When the war started the government did not really interfere with the economy, why would it? It was doing great! When the problems started to manifest they continued this course of action and mostly just ignored what was happening. This may have partially been due to the fact that most of the higher governmental officials were among the groups great benefitting from the economic situation, even when inflation started to increase. As the situation worsened it did eventually become evident that the war was not going to end soon and the situation was not going to get better until it did. This led the government down a several year long path of trying many things to try and help the economy, all of which turned out to be failures. In December 1915 a new Liberal government was brought into power under the leadership of Count Romanones. Romanones seemed to have good intentions, and over the year and a half that he led the country many changes were made, but regardless the situation did not improve. Throughout his time in power Romanones would have to deal with German submarine campaigns which were hugely detrimental to national stability, and this coupled with all of the other problems meant that big changes would be made in 1918. Overall Romanones tenure was a failure, and in some ways it marked the transition between eras in Spain, as described by Francisco Romero Salvado “This is regarded as a crucial moment in the country’s transition from elite to mass politics. The social and economic impact of WW1 brought about massive economic dislocation and social distress that in turn generated unprecedented levels of popular mobilization against the regime. Intertwined with domestic uproar, the country was polarized by the question of neutrality. Alienated from the ruling classes by his pro-Allied stance, Romanones was not only the target of a fierce campaign to oust him but also presided over the acceleration of existing movements of social and political protest.” By 1918 both the city and the countryside where at a position of barely contained unrest, and two groups outside of the government would rise to try and change these feelings and channel them into real movements for change. The first were the worker’s unions led by the socialist party and the second was the military.

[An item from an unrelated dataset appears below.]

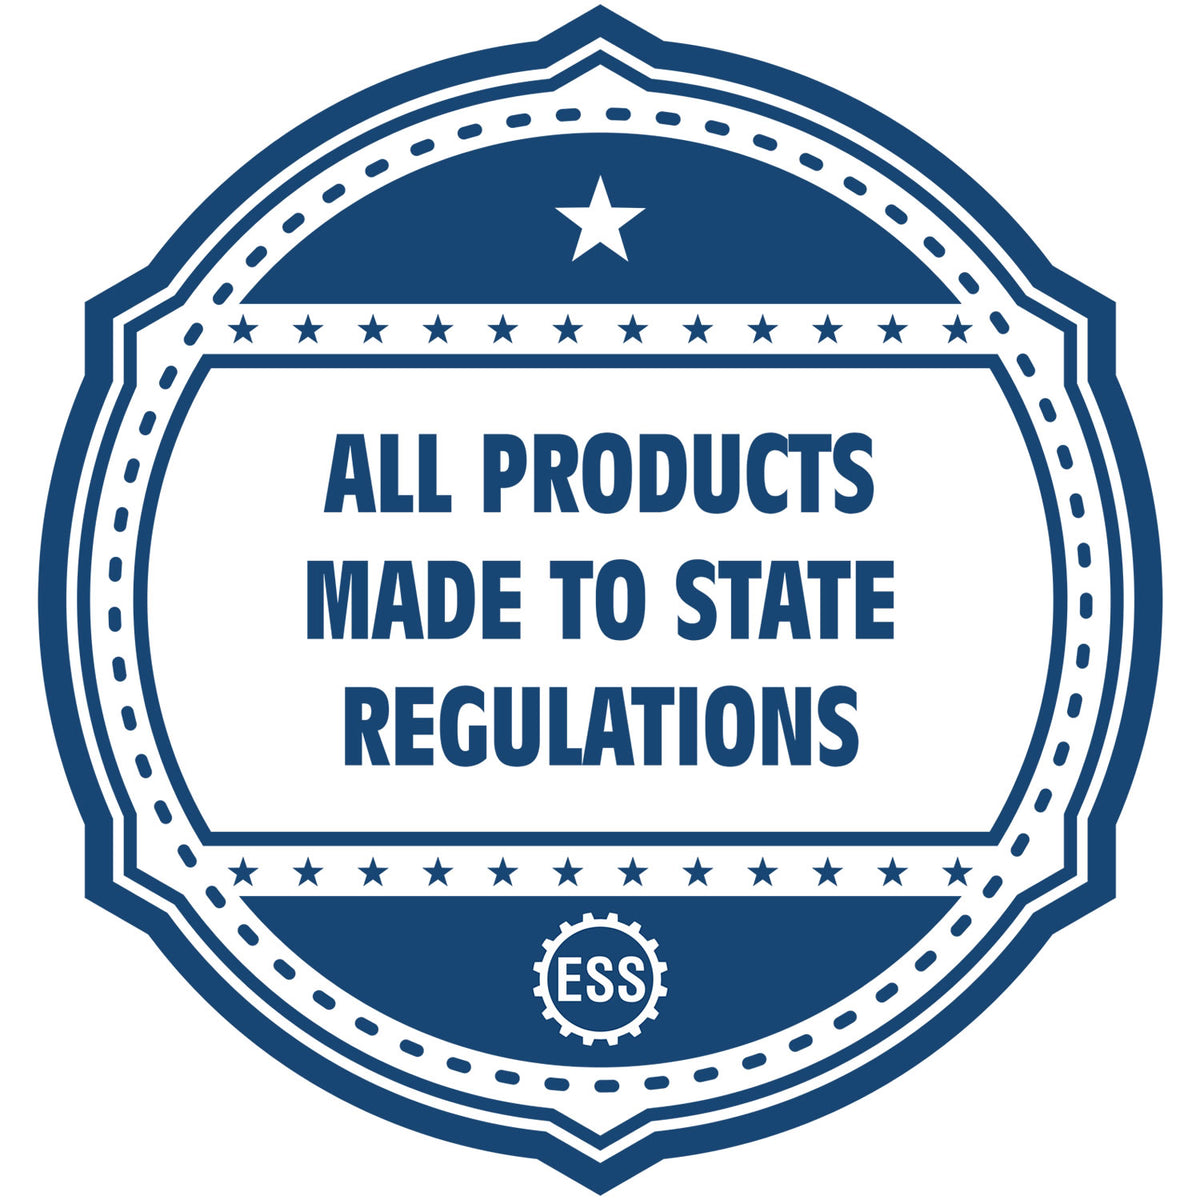 An icon or badge element for the State of New Jersey Architectural Seal Embosser showing that this product is made in compliance with state regulations.

Before the war the various fringe political groups like the socialists and anarchists were small and disparate groups separated both ideologically and geographically. However, midway through 1917, with the war 3 years old and the situation in Spain circling the drain both of these gaps started to close between the two groups. The gaps were closing both because of the situation, in which coming together might be advantageous and also because the numbers of both were growing. In 1917 a congress of socialist leaders would vote to collaborate with the anarchists to try and bring about real governmental changes. These two groups were shortly to be strengthened by a revolt in Catalonia where a large number of industrial and commercial workers had risen up to protest the economic situation. This combination of factors presented the largest threat to the Spanish government in many years. By all of these groups combining, putting their numbers and their power into a united front they were able to legitimately challenge the state leadership. Even with all that was arrayed against them Romanones and the Spanish government may have been able to contain the situation, if they had been able to count on the military for support. But about that…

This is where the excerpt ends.